## Task goal
Transcription, pictures excluded: write out the data below exactly.

## Provided material
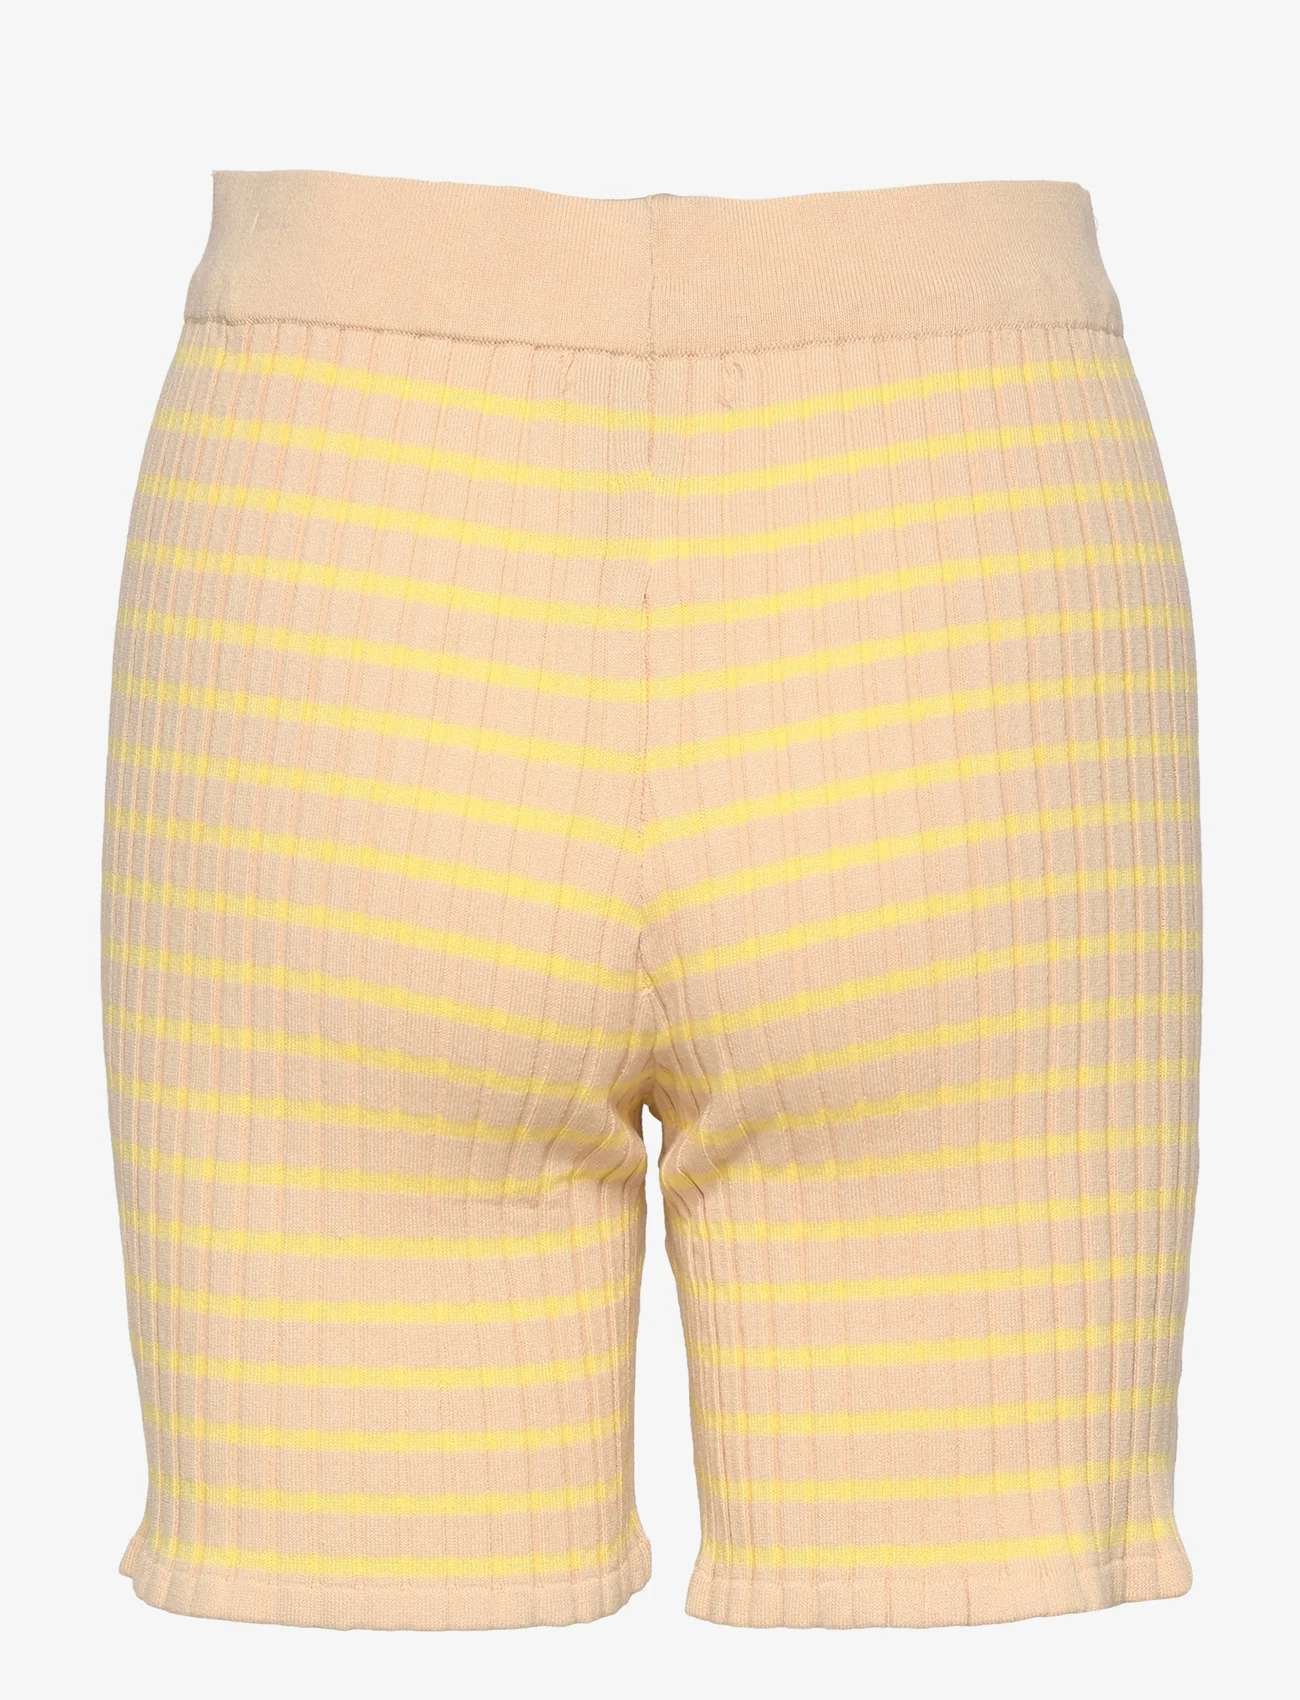 A-View - Sira shorts - casual shorts - beige/yellow - 1
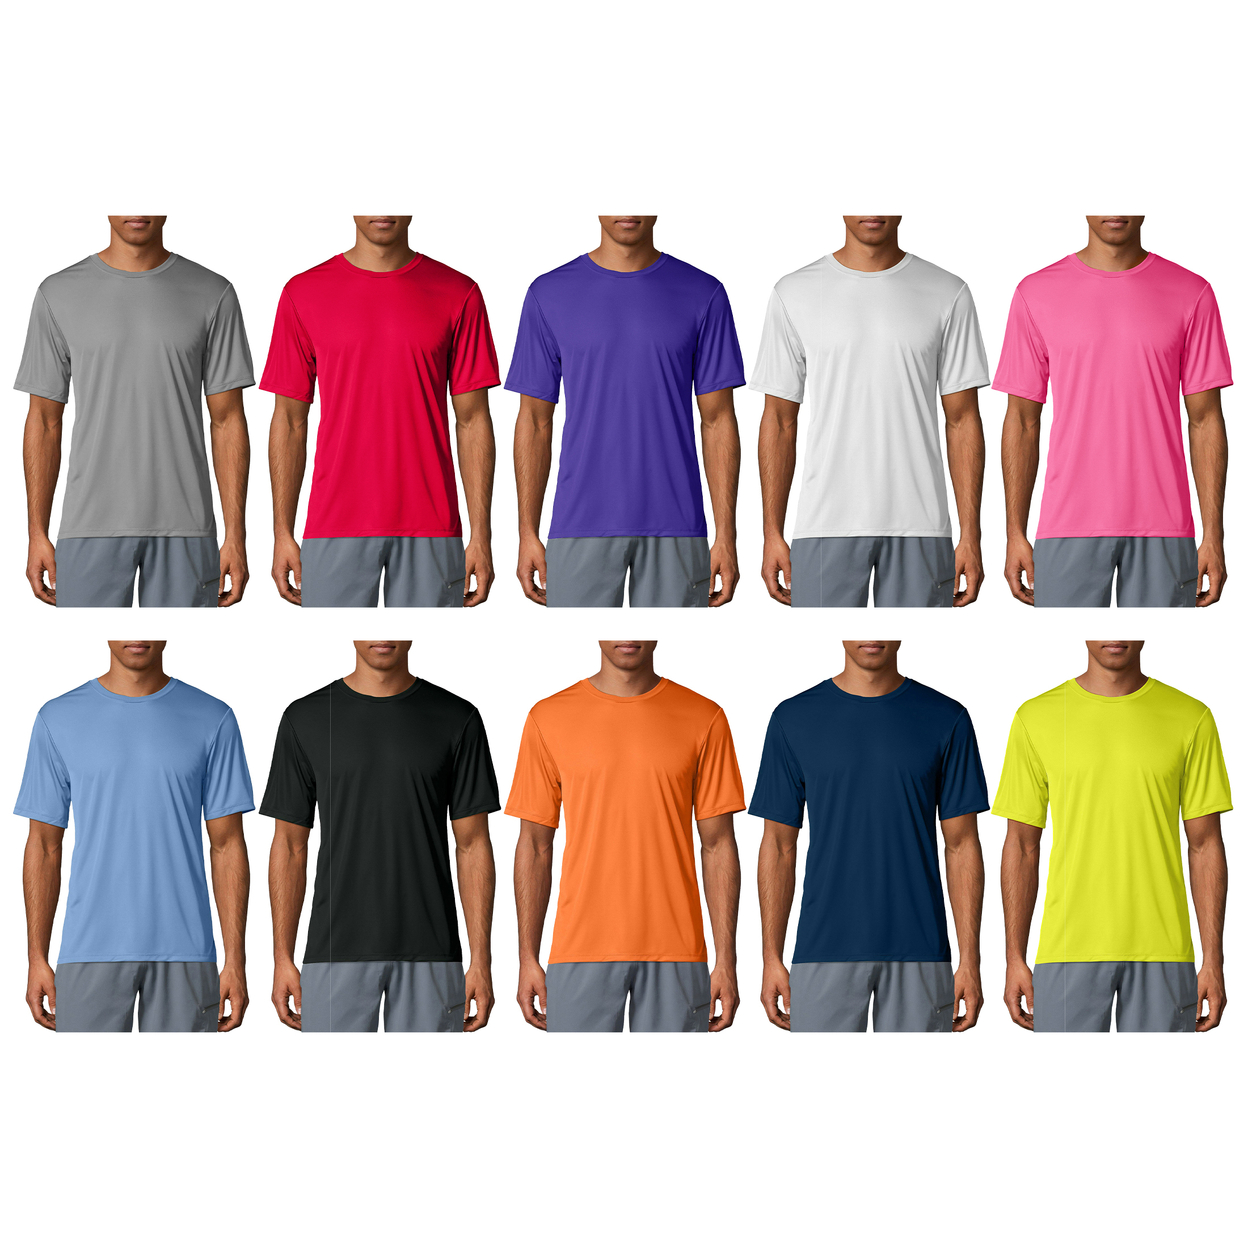 4-Pack: Men's Moisture Wicking Cool Dri-Fit Performance Short Sleeve Crew Neck T-Shirts - X-large
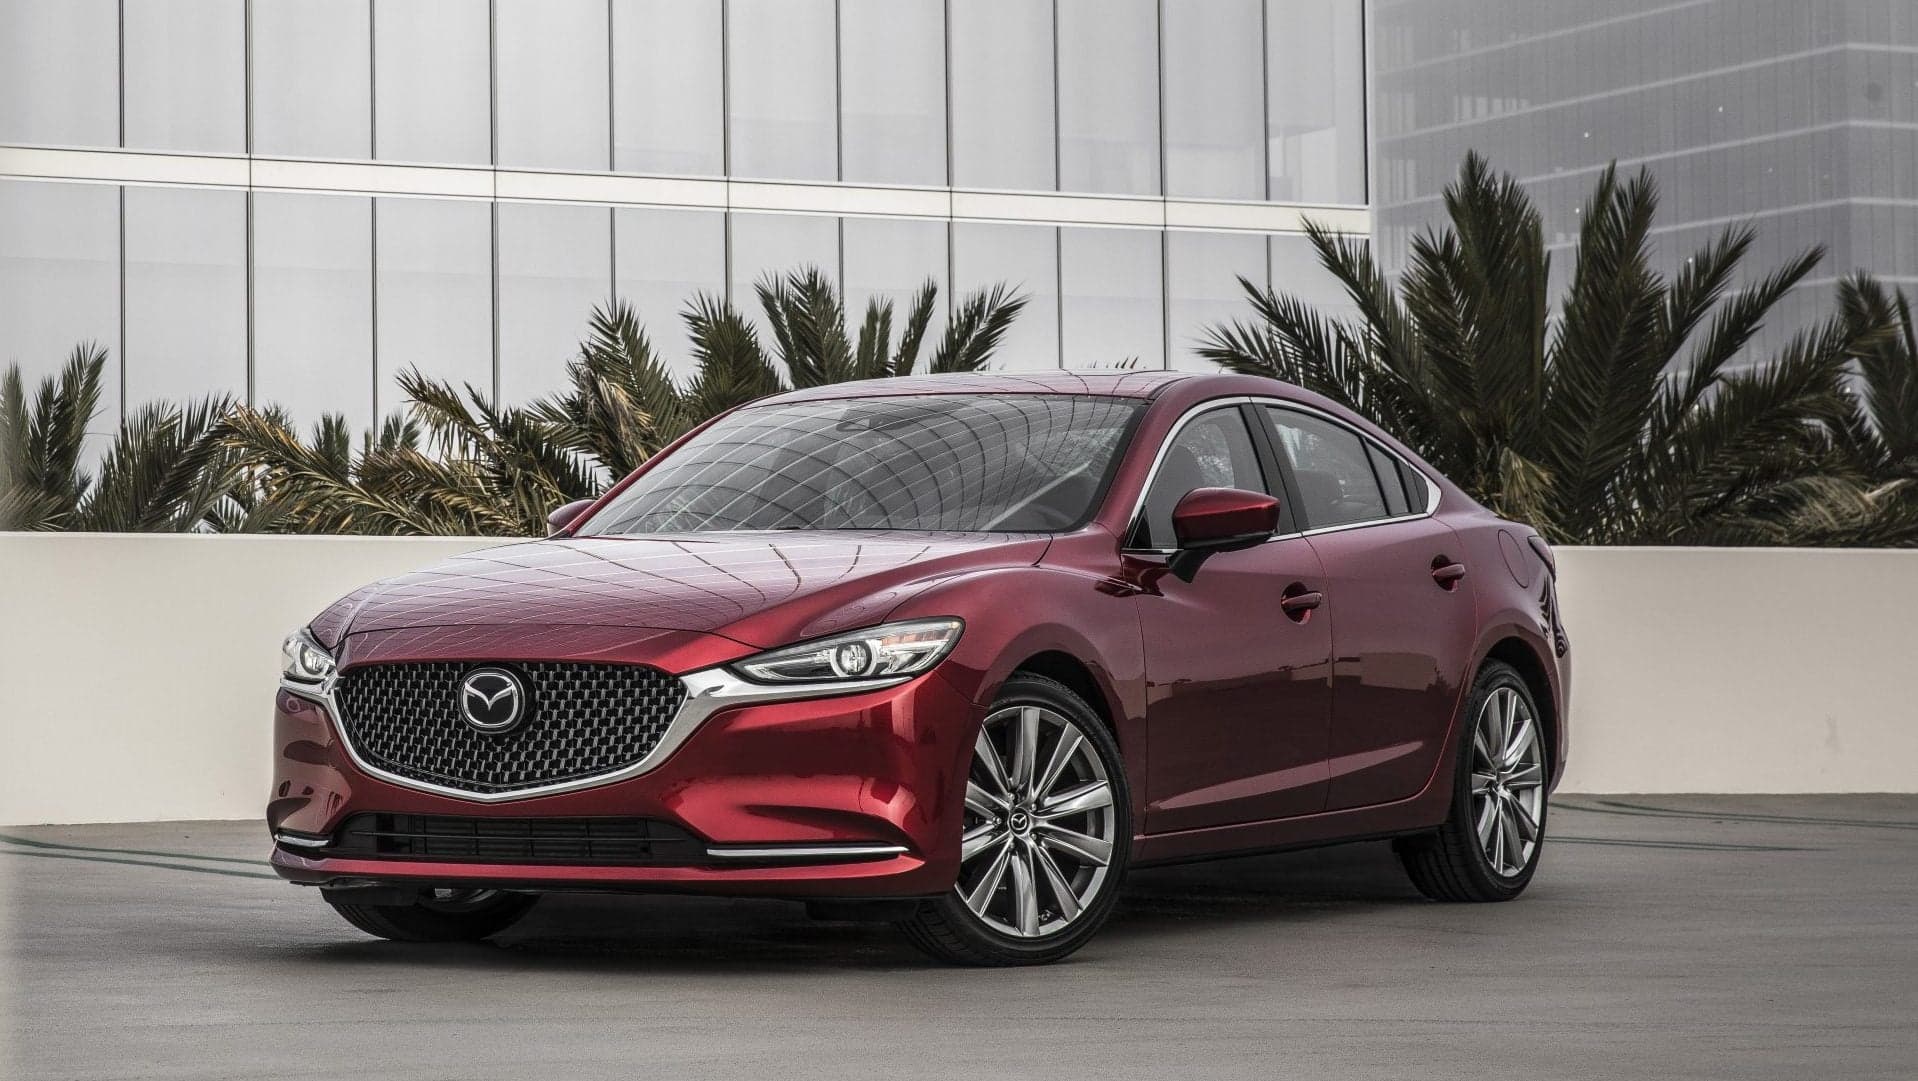 Mazda Doles out Fresh Information on the 2018 Mazda6
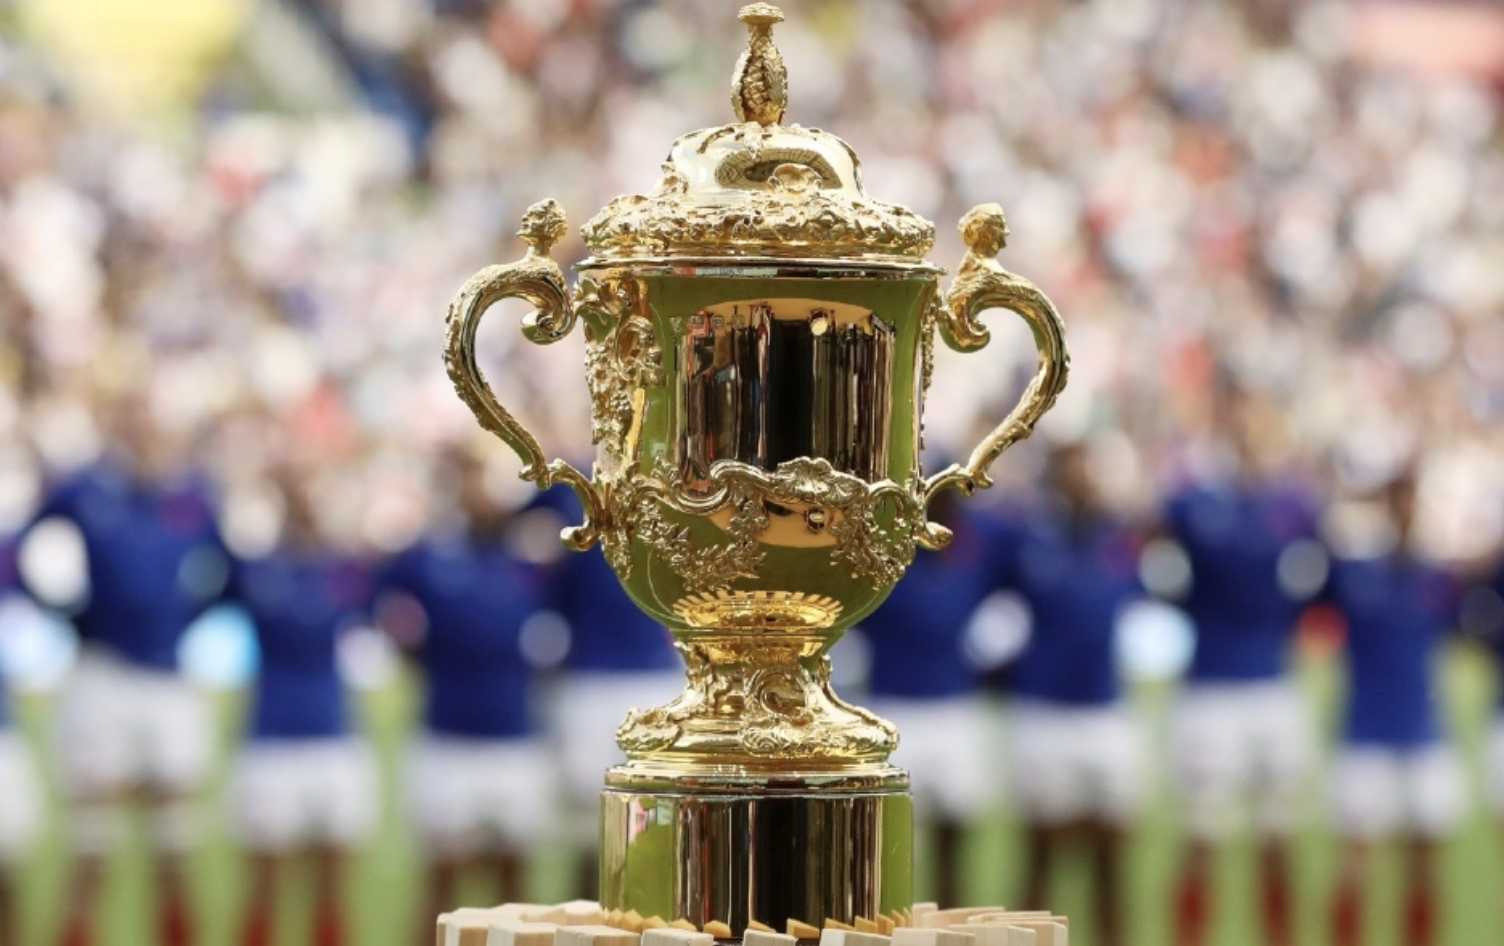 Rugby World Cup

## Exercise output
 A-View - Sira shorts - casual shorts - beige/yellow - 1
 4-Pack: Men's Moisture Wicking Cool Dri-Fit Performance Short Sleeve Crew Neck T-Shirts - X-large
 Mazda Doles out Fresh Information on the 2018 Mazda6
 Rugby World Cup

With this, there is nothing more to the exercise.